It's always a lovely surprise when you see an article you contributed to go live on a major website. I had forgotten about this little ditty, but I'm pleased to share it with you now.
Apparently, the search term "lasting longer in bed" is one of the most searched terms on MensFitness.com.
Here is the original article in it's entirety. If you prefer to see it on the website, please click here.
I'd like to sincerely thank the great people at Men's Fitness for contacting me, and am tickled that I'm referred to as a top Sex Expert!
Last Longer in Bed! Sex Experts Tell You How
It’s no fun for her (and embarrassing for you) when it all ends... too early. We got top sexologists to reveal eight secrets for having longer, better sex.
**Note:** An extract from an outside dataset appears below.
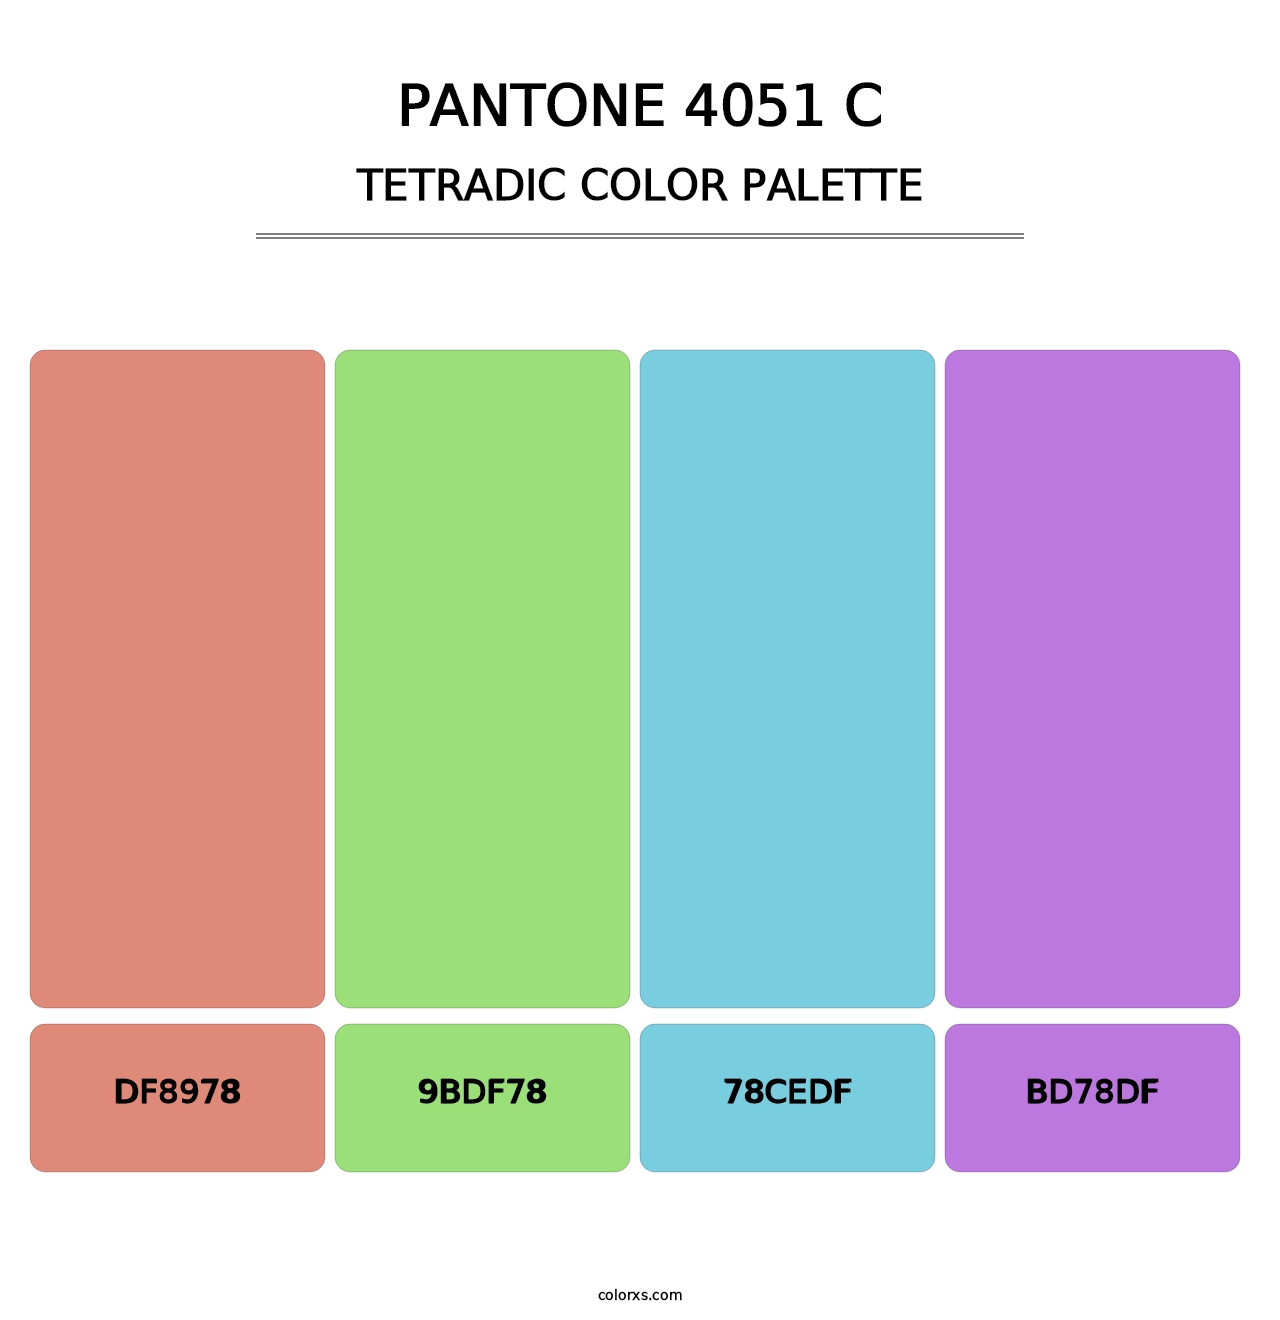 PANTONE 4051 C - Tetradic Color Palette

So maybe you’re not the “One Minute Man” Missy Elliot rapped about in 2001, but if you’re still looking for ways to have longer-lasting erections (and longer-lasting sex), you’re not alone. Sex experts agree that it’s one of the most common things men are insecure about—but they’re not always using the right methods. “Of course all men have their own extending technique, from thinking about football or baseball or counting backwards in their heads,” says A.L. Harper, a sex expert and former editor of a UK-based men’s magazine. “However, these distraction techniques can result in making them worse in bed because they aren't paying attention to their partner's pleasure.” If you’re curious to find out the real ways to last longer, we’ve asked three top industry experts to share the advice they give their clients—no Viagra required.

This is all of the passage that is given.